Two central reasons make that a sensible approach.
First, the Legislature is officially nonpartisan and commendably promotes a culture that judges policy ideas based on their merit. Unlike states where strict partisanship determines things, Nebraska lawmakers, regardless of party, have an equal opportunity to introduce legislation and make the case for it at a public hearing. Each senator, whether Republican, Democrat or independent, is allowed to prioritize one bill each session.
There’s another, common-sense reason for keeping partisanship out of selecting committee leaders: The committees handle complex, important work, and their leaders need to have the background knowledge, thoughtfulness and skill set to manage the job capably.
That’s why the Legislature, to its credit, selects its committee chairmen and chairwomen by secret ballot. Calls from the Nebraska Republican Party to overturn that system and make mere partisanship the basis for selection would harm the Legislature and, in turn, the state.
Instead, allow individual senators to make the case for themselves, regardless of party, rather than coasting into a leadership post merely because they have a particular letter — R or D or I (for independent) — behind their name to denote political affiliation. Candidates for committee posts need to earn those leadership opportunities through demonstrations of their capabilities.
At present, the partisan breakdown of the Legislature’s committee chairs is nine Republicans, five Democrats and one independent. Republicans currently make up 33 of the Legislature’s members. In January, when the new Legislature is sworn in, they will retain a strong majority, though their number will fall to 30.
Choosing committee leaders merely by partisan affiliation — that is, automatically denying chairmanships to members in the political minority — would in some cases wall off capable candidates from consideration.

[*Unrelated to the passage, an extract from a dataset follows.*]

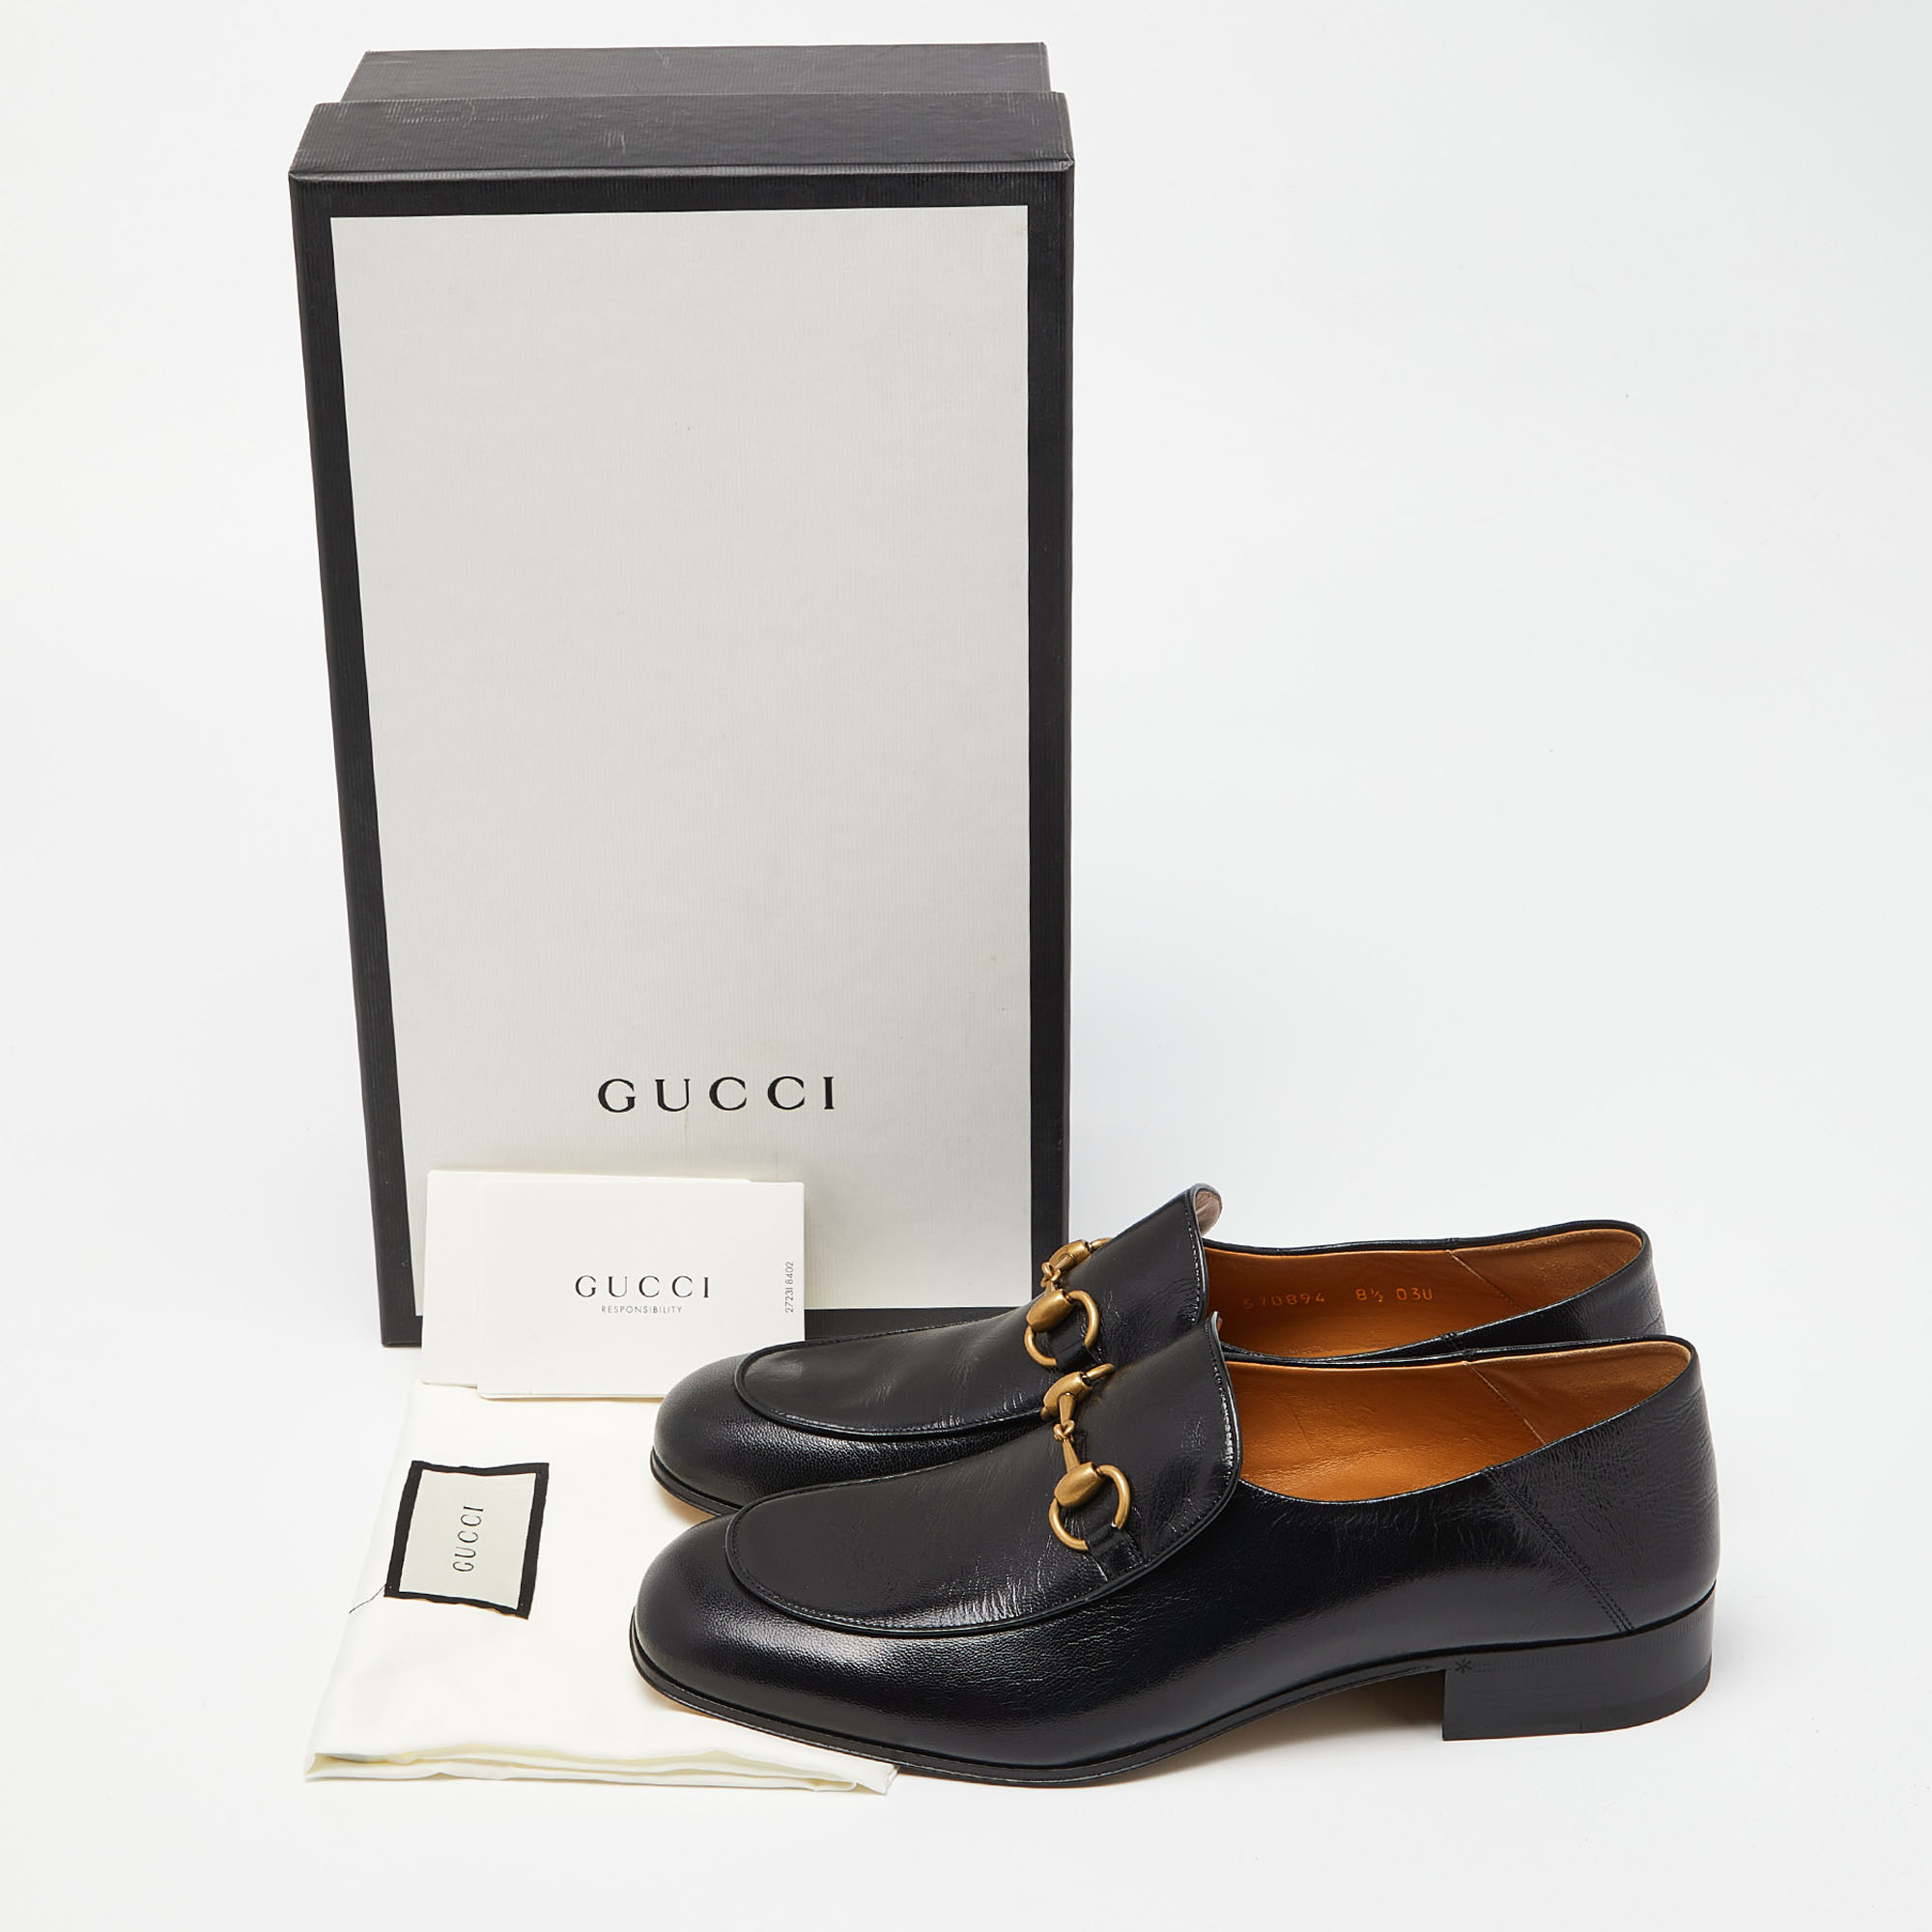 Gucci Black Leather Horsebit Loafers Size 42.5

An example is Sen. Jeremy Nordquist, current chairman of the Retirement Systems Committee. Before being elected chairman, he had demonstrated a detailed understanding of retirement issues as the committee’s vice chairman and before that as a legislative aide.
Nordquist is a Democrat, and his years of experience in working on Nebraska retirement issues were clearly a big reason he was chosen by his peers — a majority of whom are Republicans — to head the committee. A selection based on merit.

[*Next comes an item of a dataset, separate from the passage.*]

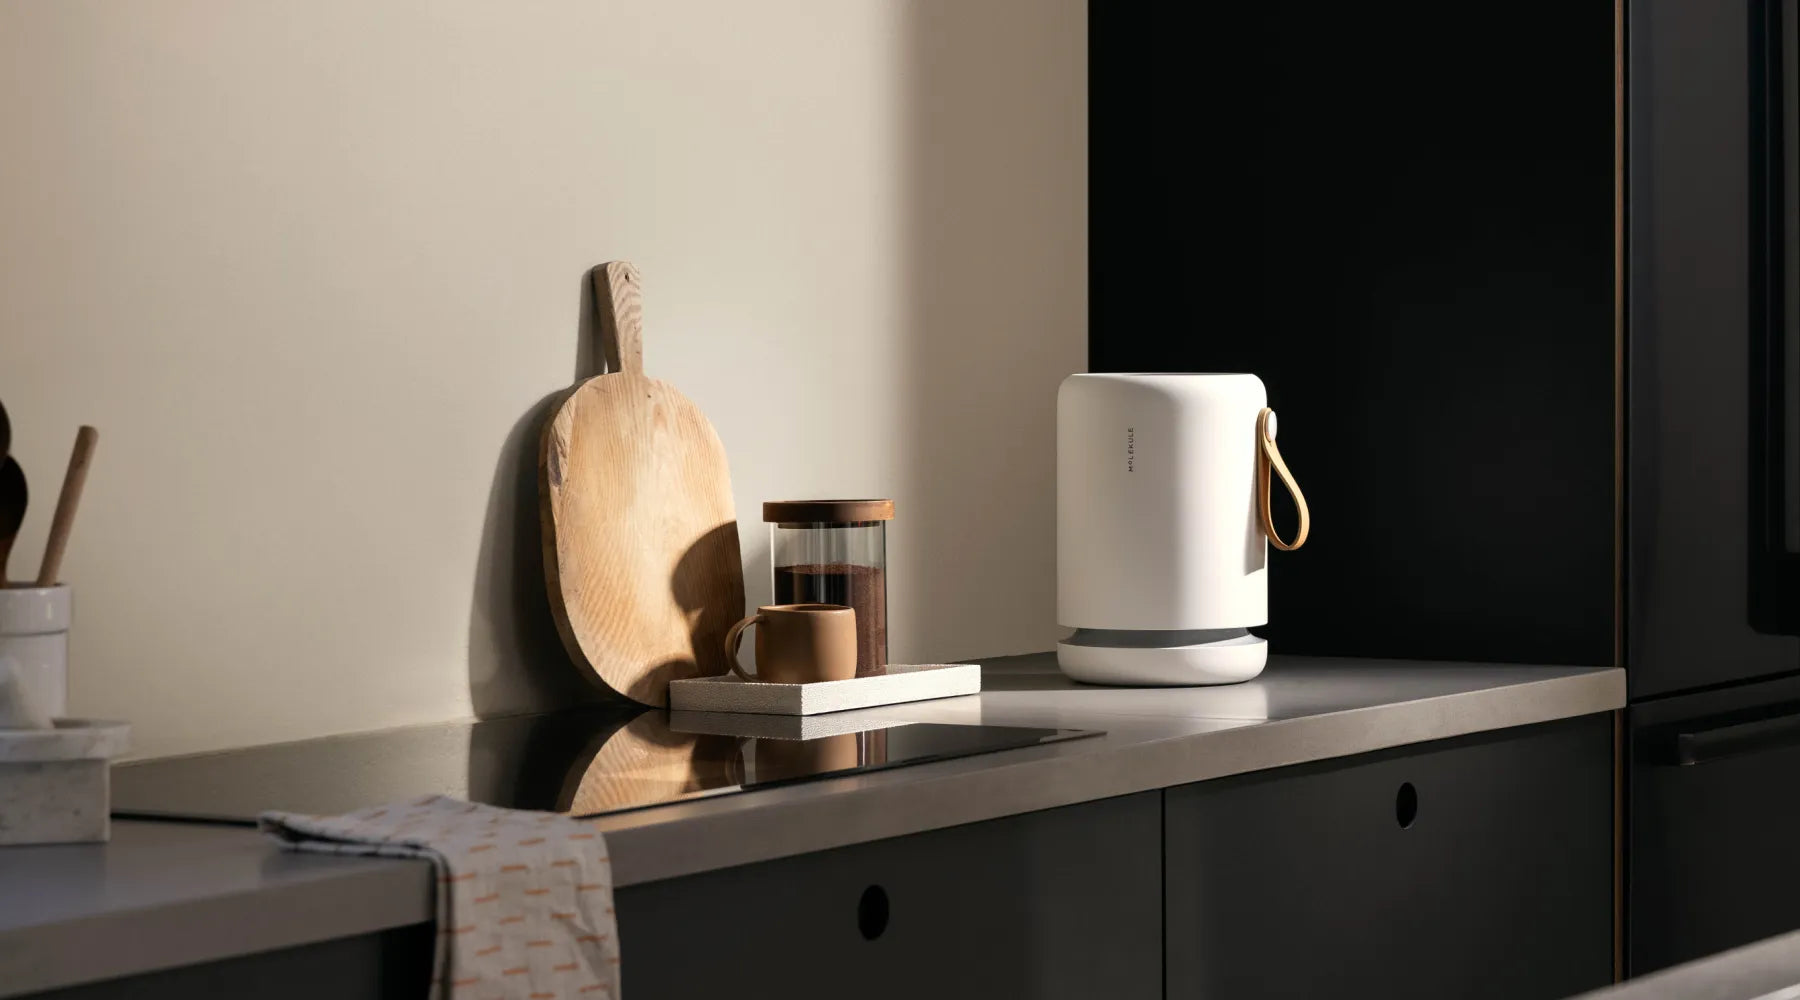 Molekule Air Mini+ sits on a kitchen counter with various small appliances and kitchen gadgets.

But if the Legislature’s Republicans were required to vote only for Republicans, Nordquist wouldn’t even have been considered for the chairmanship.
The current Legislature has been blessed with strong committee leadership regardless of party. On the Republican side, to cite only two examples, Sens. Lavon Heidemann at Appropriations and Chris Langemeier at Natural Resources demonstrated impressive ability to handle complex issues and reach constructive agreement. On the Democratic side, examples of respected committee leaders include Bill Avery at Government, Military and Veterans Affairs and Amanda McGill at Urban Affairs.
The Legislature needs to be free to choose its committee leaders as its members see fit. There is no reason to overturn a system that has served the Legislature and the state well.